Утро 15 мартаЗаря 15 марта наконец взошла. Заговорщики рано собрались к портику Помпея по соседству с местом, где теперь находится Campo dei Fiori. Брут, бывший претором, вошел на трибуну и, подавляя свое волнение, спокойно начал выслушивать лиц, явившихся с жалобами. Другие заговорщики, ожидая открытия заседания, беседовали друг с другом под портиками, болтая со своими товарищами и стараясь сохранить спокойствие.[908] В театре Помпея начался спектакль, на улицах было обычное движение. Цезарь должен был прийти с минуты на минуту.
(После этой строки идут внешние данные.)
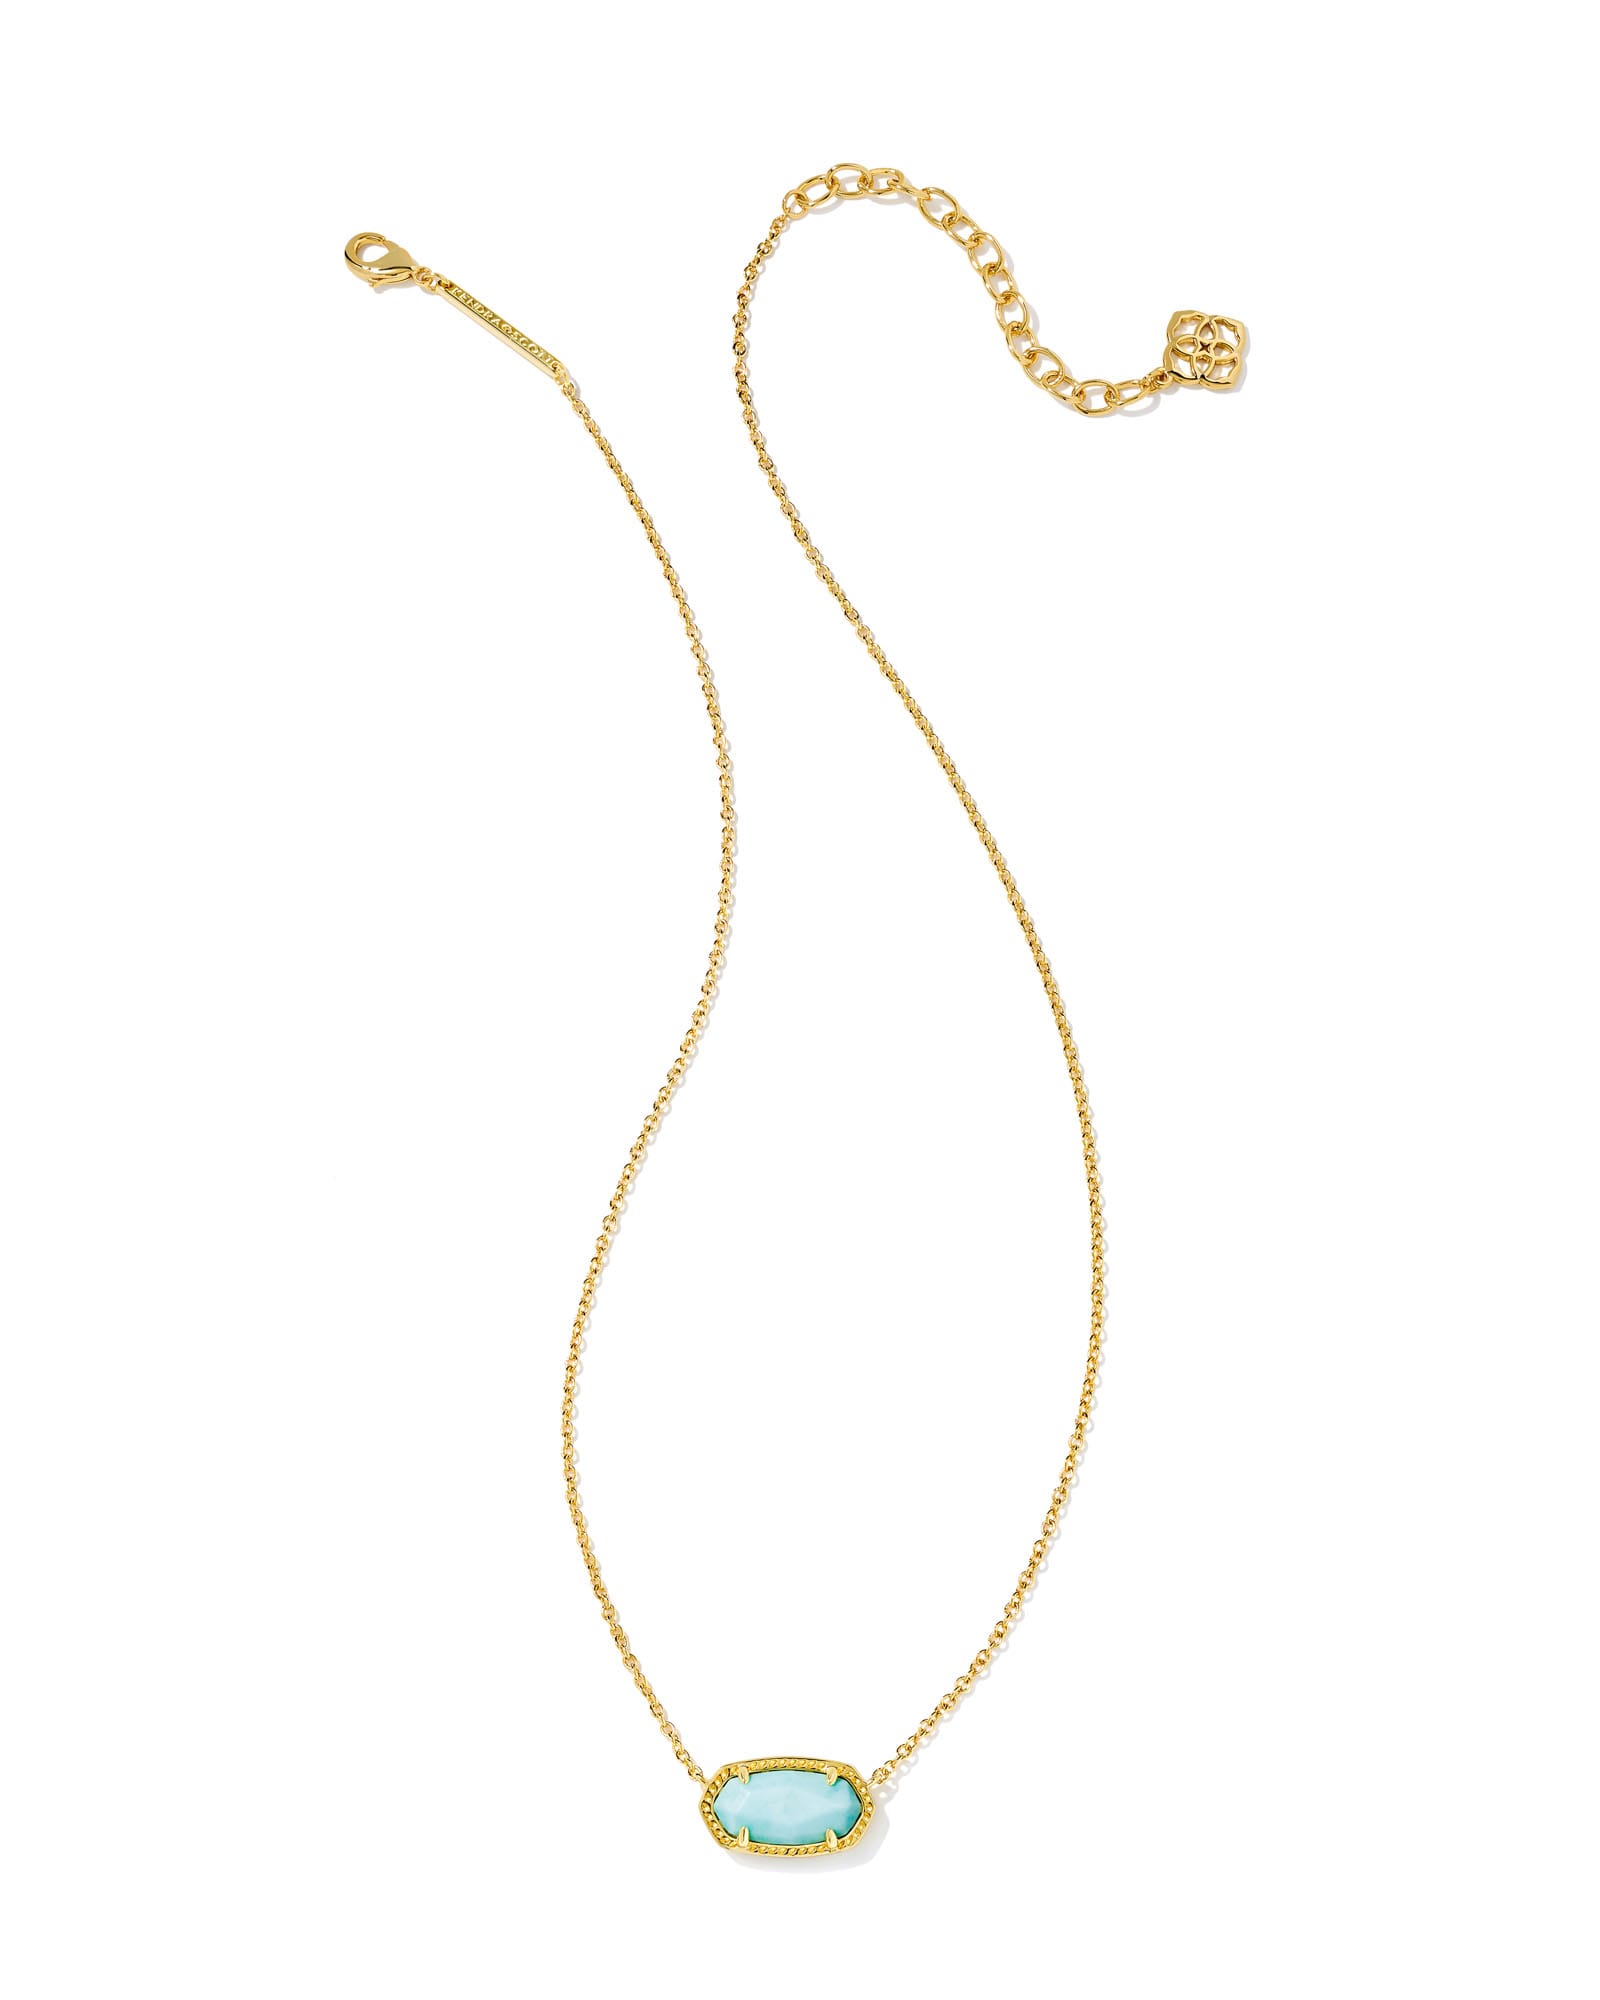 Elisa Gold Pendant Necklace in Light Blue Magnesite

Опоздание ЦезаряНо Цезарь опаздывал, задержанный, по-видимому, нездоровьем, едва не заставившим его отменить заседание. Уже встревоженные заговорщики стали чувствовать страх и дрожать при малейшем шуме. Некий друг приблизился к Каске, одному из заговорщиков, и сказал ему смеясь: «Ты кое-что скрываешь, но Брут мне сказал все». Испуганный Каска хотел уже все открыть, когда, продолжая, тот дал ему понять, что намекает на близкую кандидатуру Каски в эдилы. Сенатор Попилий Лена, приблизившись к Бруту и Кассию, сказал им на ухо: «Вы можете иметь успех, но спешите».[909] А Цезарь все не приходил; солнце стояло уже высоко над горизонтом, было около десяти часов утра;[910] заговорщики начинали терять терпение, ожидание утомило их, и некоторые стали помышлять об измене. Кассий, наконец, решился послать Децима Брута к Цезарю, чтобы узнать, что там происходит, и привести его в курию. Децим пошел по узким улицам Марсова поля, быстро поднялся на форум и вошел в domus publica, где жил Цезарь — великий понтифик. Он нашел его твердо решившим отложить заседание ввиду нездоровья. Побуждаемый опасностью, Децим набрался подлости увлечь на смерть дружескими советами человека, который ему доверял и который на его просьбу прийти последовал за ним с закрытыми глазами.[911]